Your use of language is really distorted. (x,y,z)=x*(1,0,0)+y*(0,1,0)+z*(0,0,1). You've got to start distinguishing between scalars and vectors. T(x,y,z)=(3x,2y)=3x*(1,0)+2y*(0,1). z is a scalar, saying it's not in R^2 doesn't make any sense. Here's the correct way to phrase it. The kernel is the subspace of all (x,y,z) such that T(x,y,z)=(0,0). If T(x,y,z)=(3x,2y)=(0,0) that means x=0 and y=0. So (x,y,z)=(0,0,z). The kernel is the set of all vectors (0,0,z). It's z*(0,0,1) where z can be any number. It's the subspace spanned by {(0,0,1)}. There, no mumbo-jumbo.

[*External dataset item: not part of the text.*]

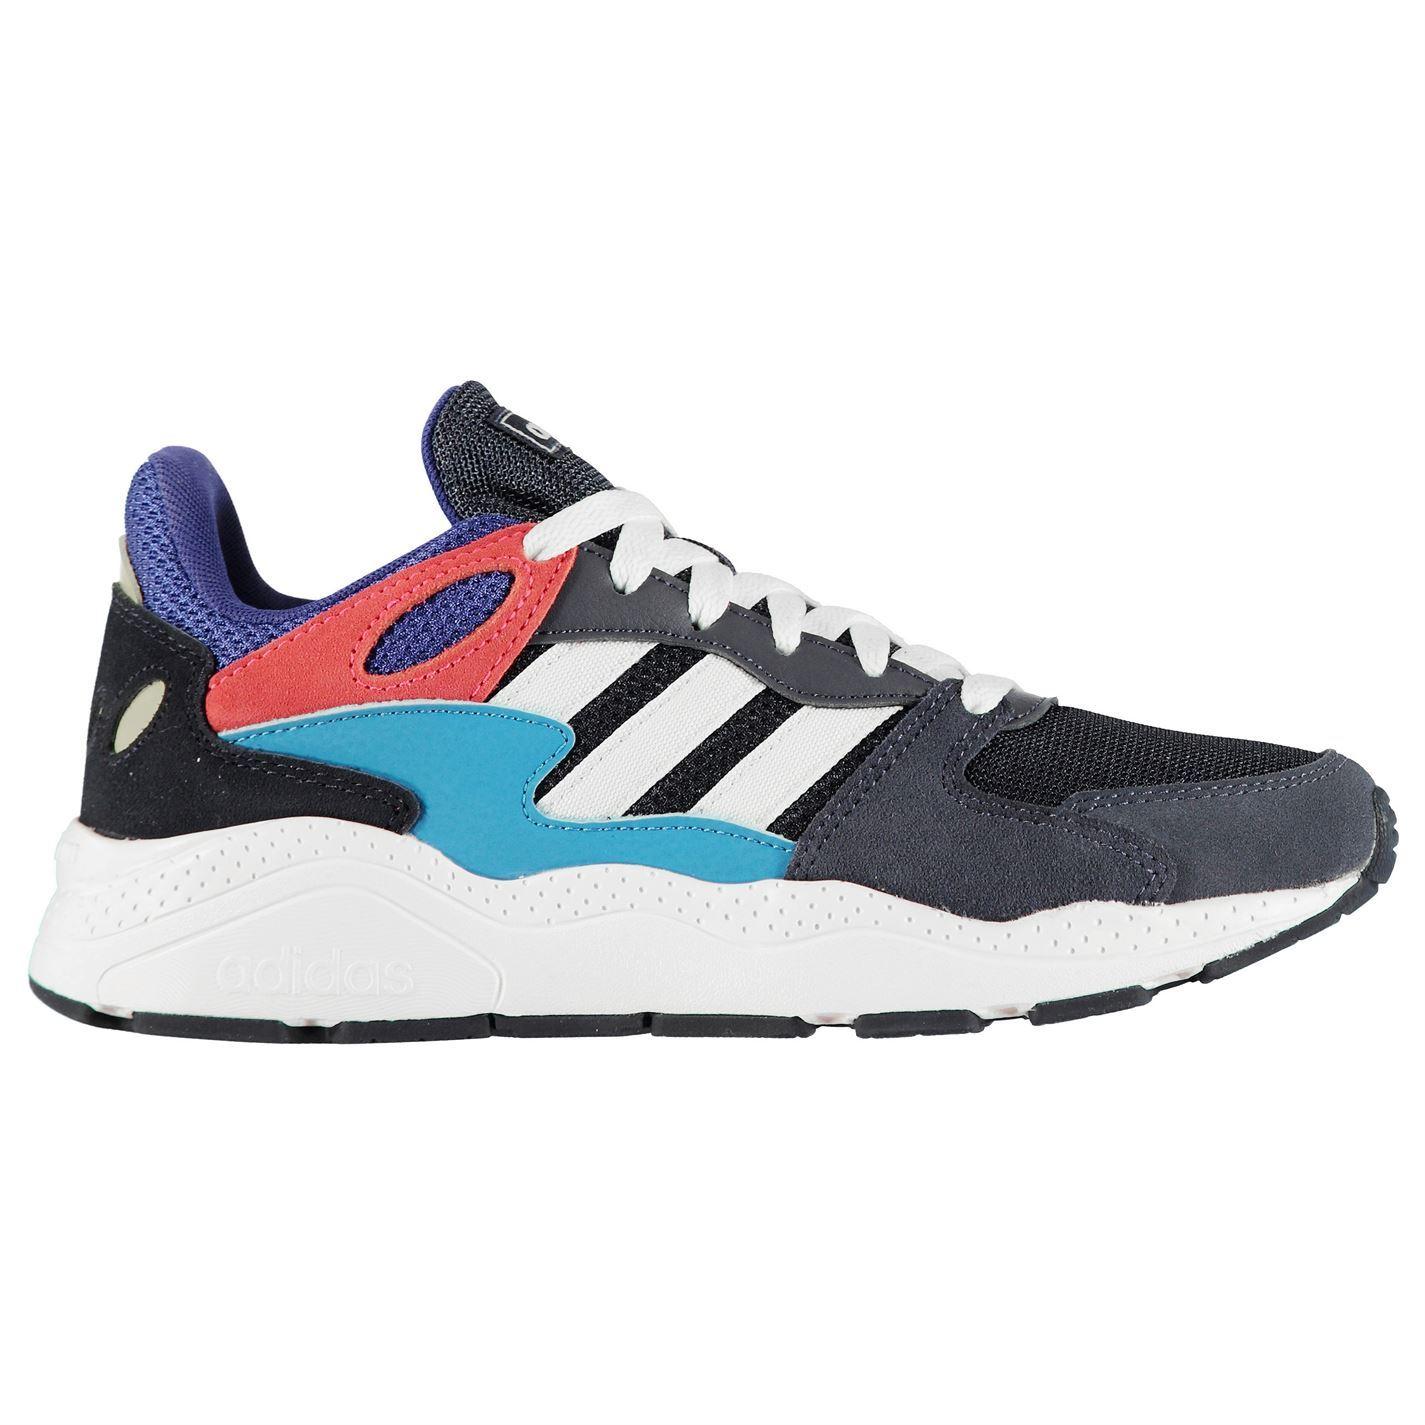 Adidas-Crazychaos-Baskets-Homme-Chaussures-De-Loisirs-Chaussures-Baskets miniature 22

R^2 and R^3 are different spaces. Saying a vector in one is also in the other makes no sense either.

 

[cipher42]

You've got to start distinguishing between scalars and vectors.

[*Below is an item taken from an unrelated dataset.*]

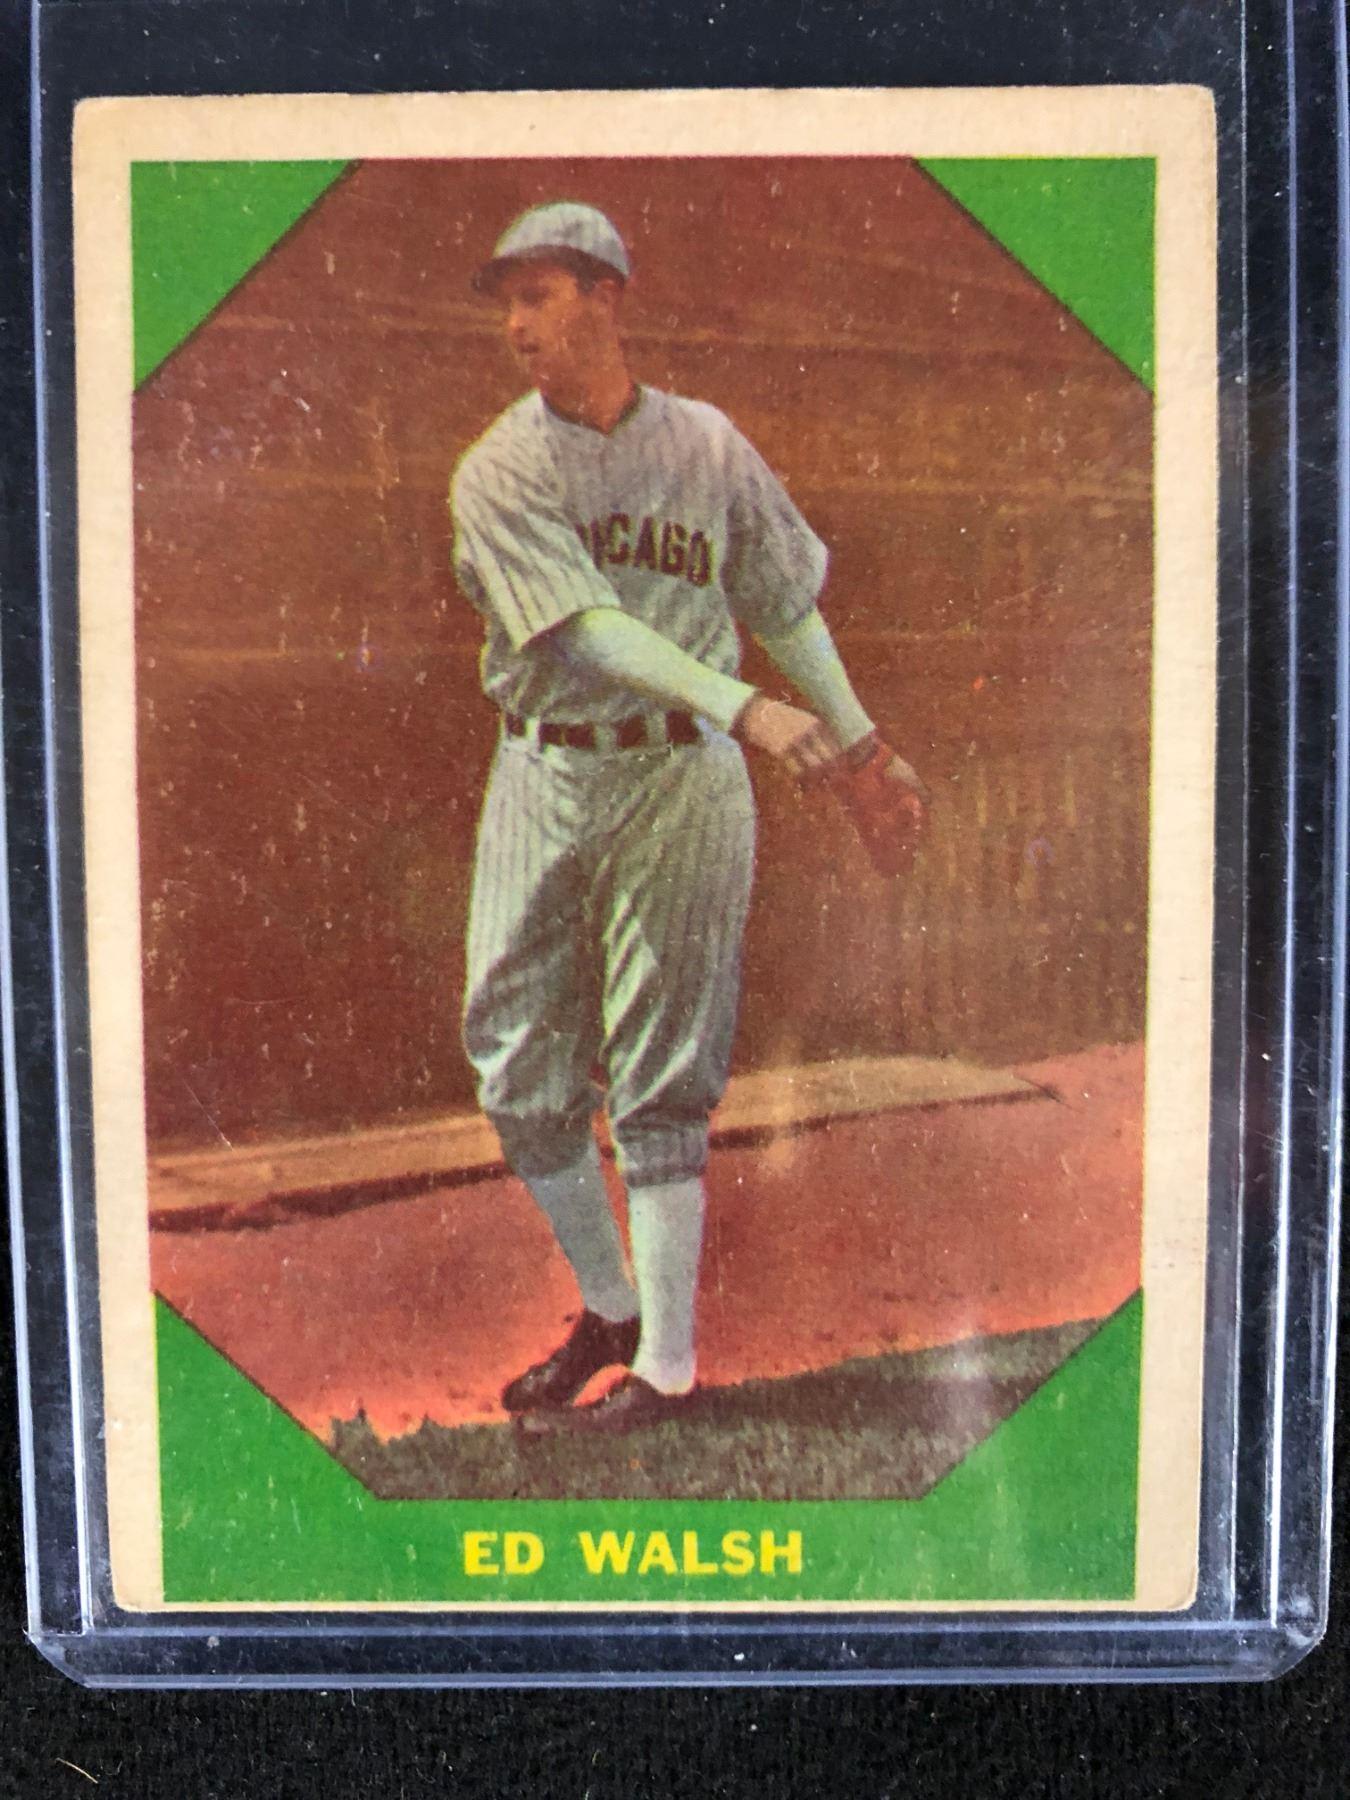 1960 Fleer All Time Greats Baseball Card 49 Ed Walsh

Dick speaks the truth. These more complicated expressions are going to be impossible to grasp (let alone prove properties about!) until you have a rock-solid understanding of the basic principles: vectors, scalars, maps, etc. When you're studying this kind of stuff, if you realize that you don't really every bit of what you're writing, then it's time to go back and review until you do.

 

[evilpostingmong]

Your use of language is really distorted. (x,y,z)=x*(1,0,0)+y*(0,1,0)+z*(0,0,1). You've got to start distinguishing between scalars and vectors. T(x,y,z)=(3x,2y)=3x*(1,0)+2y*(0,1). z is a scalar, saying it's not in R^2 doesn't make any sense. Here's the correct way to phrase it. The kernel is the subspace of all (x,y,z) such that T(x,y,z)=(0,0). If T(x,y,z)=(3x,2y)=(0,0) that means x=0 and y=0. So (x,y,z)=(0,0,z). The kernel is the set of all vectors (0,0,z). It's z*(0,0,1) where z can be any number. It's the subspace spanned by {(0,0,1)}. There, no mumbo-jumbo. R^2 and R^3 are different spaces. Saying a vector in one is also in the other makes no sense either.

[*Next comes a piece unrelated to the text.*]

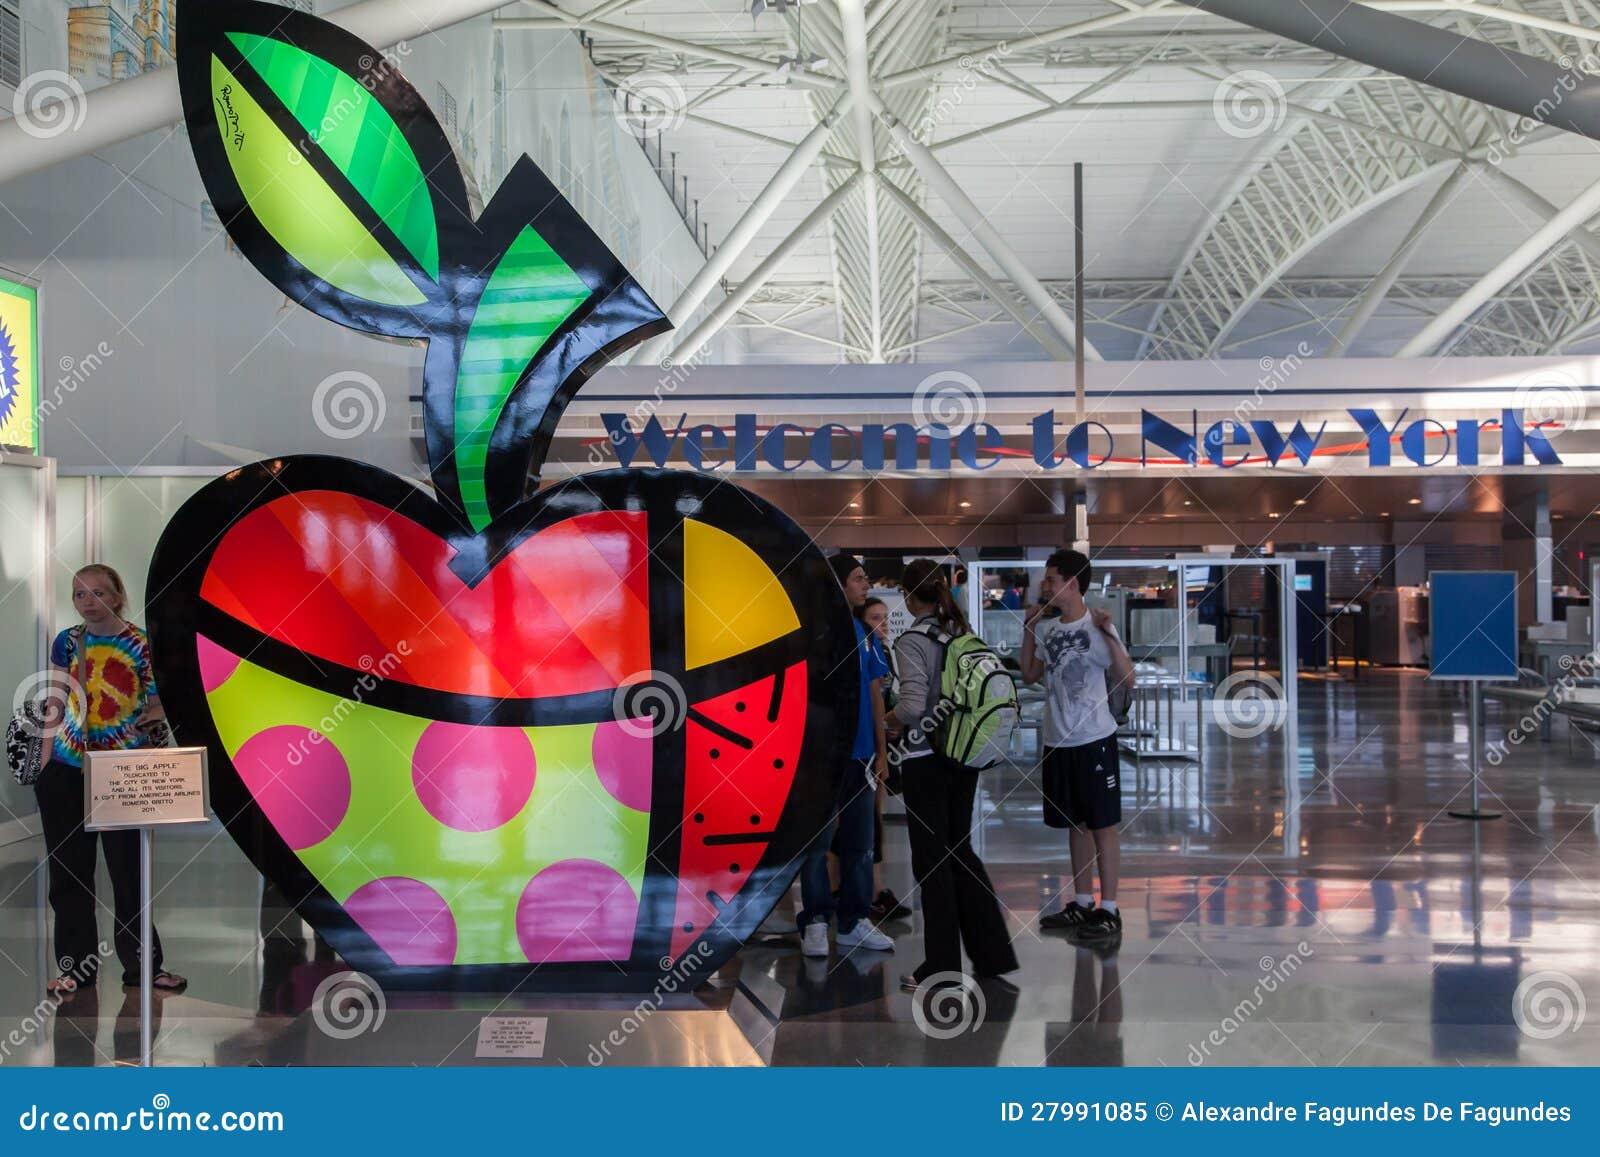 Aeroporto New York John F Kennedy : Aeroporto new york city de jfk imagem editorial

Makes sense now. R^2 is spanned by {(1 0 ), (0 ,1)} and going back to "base building"
the kernel is 1 dimensional so direct summing R^2 with the kernel woud produce
{(1 0 0) (0 1 0) (0 01)} a basis which spans R^3. Goes back to saying dimV=dimnullT+dimrangeT.
And yes the notation threw me off, saying the scalar z (say z=2) is not in R^2 is like
saying ( 2 2 ) is not in R^2. That doesn't make sense. And T(0 0 z)=0 only because
adding 0 to T(x y z)=(3x, 2y)+0 is still in R^2. If T(0 0 z)=(0 0 2z) well, that's not
in R^2. Its not 2 dimensional. No linear combinations of vectors in R^2 will take you there.
Simply because T acts on a basis and the third dimension is not in 2d space.

 

[Dick]

Makes sense now. R^2 is spanned by {(1 0 ), (0 ,1)} and going back to "base building"
the kernel is 1 dimensional so direct summing R^2 with the kernel woud produce
{(1 0 0) (0 1 0) (0 01)} a basis which spans R^3. Goes back to saying dimV=dimnullT+dimrangeT.
And yes the notation threw me off, saying the scalar z (say z=2) is not in R^2 is like
saying ( 2 2 ) is not in R^2. That doesn't make sense.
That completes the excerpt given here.